College Student Sells Car to Invent Inflatable Baby Incubator

James Roberts won the 2014 James Dyson Award.

ByABC News
November 6, 2014, 1:59 PM

— -- A recent college graduate has turned a school assignment, originally funded by selling his car, into an award-winning invention with the potential to save lives.

James Roberts, 23, was named the International Winner of the James Dyson Award this week for inventing an inflatable baby incubator that could potentially be deployed in areas without medical resources.

Roberts was a student at Loughborough University in England when he first become "obsessed" with building an incubator after seeing a documentary on Syria and learning that infants were dying their without medical access.

Roberts, who now lives in south London, said initially the project started as an assignment to “design a product that solves a problem," but that he quickly became obsessed with making it work.

Roberts said once he started with the project, he spent 18-hour days working on it and sold his car to fund prototypes and his research.

“It wasn’t fun,” Roberts said. “Having no weekends and being a zombie.”

PHOTO: James Roberts created a collapsible incubator for premature infants that can be used in remote areas without access to medical care.
James Roberts created a collapsible incubator for premature infants that can be used in remote areas without access to medical care.

After nine months of work both developing the prototype and talking to aid agencies and midwives about the needs of prenatal infants, Roberts had a working machine: the MOM incubator.

Robert’s MOM incubator is designed for areas without regular access to medical care.
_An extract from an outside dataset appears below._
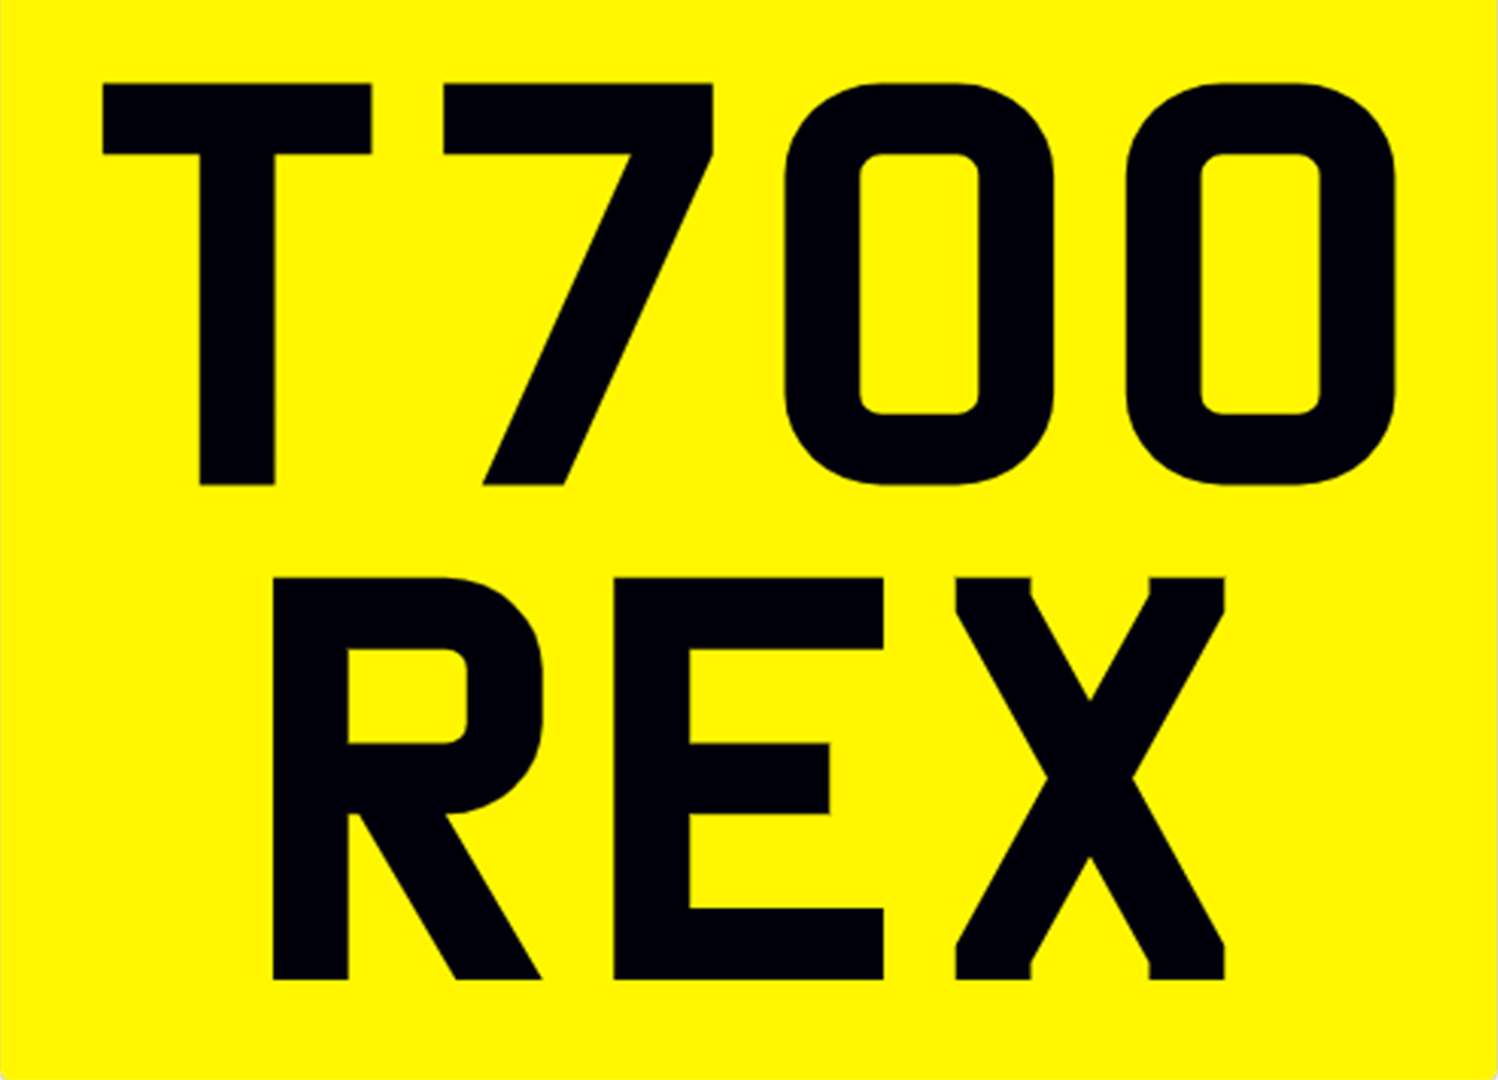 <p>&nbsp; T700 REX Registration Number&nbsp;</p>

It is collapsible and can be blown up manually. A computer can control the humidity and temperature so that premature infants are protected from cold or dry air.

The machine also has a phototherapy unit for jaundiced infants.

Roberts said he was looking for investors and partners when he entered the 2014 James Dyson Award contest, which gives up to 45,000 British pounds (about $71,000) for products that “have a significant and practical purpose, are commercially viable, and are designed with sustainability in mind.”

When Roberts found out he was a finalist, he said he was mostly excited to meet Dyson himself, a British inventor famous for his bagless vacuum cleaner.

“He stuck out his hand and said, ‘Well done, you’ve won,’” Roberts said. “I almost collapsed.”

Dyson said the invention had the potential to save thousands. The prize awarded Roberts' team with 45,000 pounds for additional prototyping and another 15,000 pounds (about $23,700) for Loughborough University.

“[Roberts'] invention shows the impact design engineering can have on people’s lives," James Dyson said in a statement. "The western world takes incubators for granted. We don’t think about how their inefficient design makes them unusable in developing countries and disaster zones.”

While Roberts is still looking for investors, he hopes the Dyson award money will allow him to produce his incubator prototype on his own terms so it can reach a wide variety of people across the globe.

“My wildest dreams would be in 10 years [meeting someone] who was a kid,” he said, “and was in my incubator and survived.”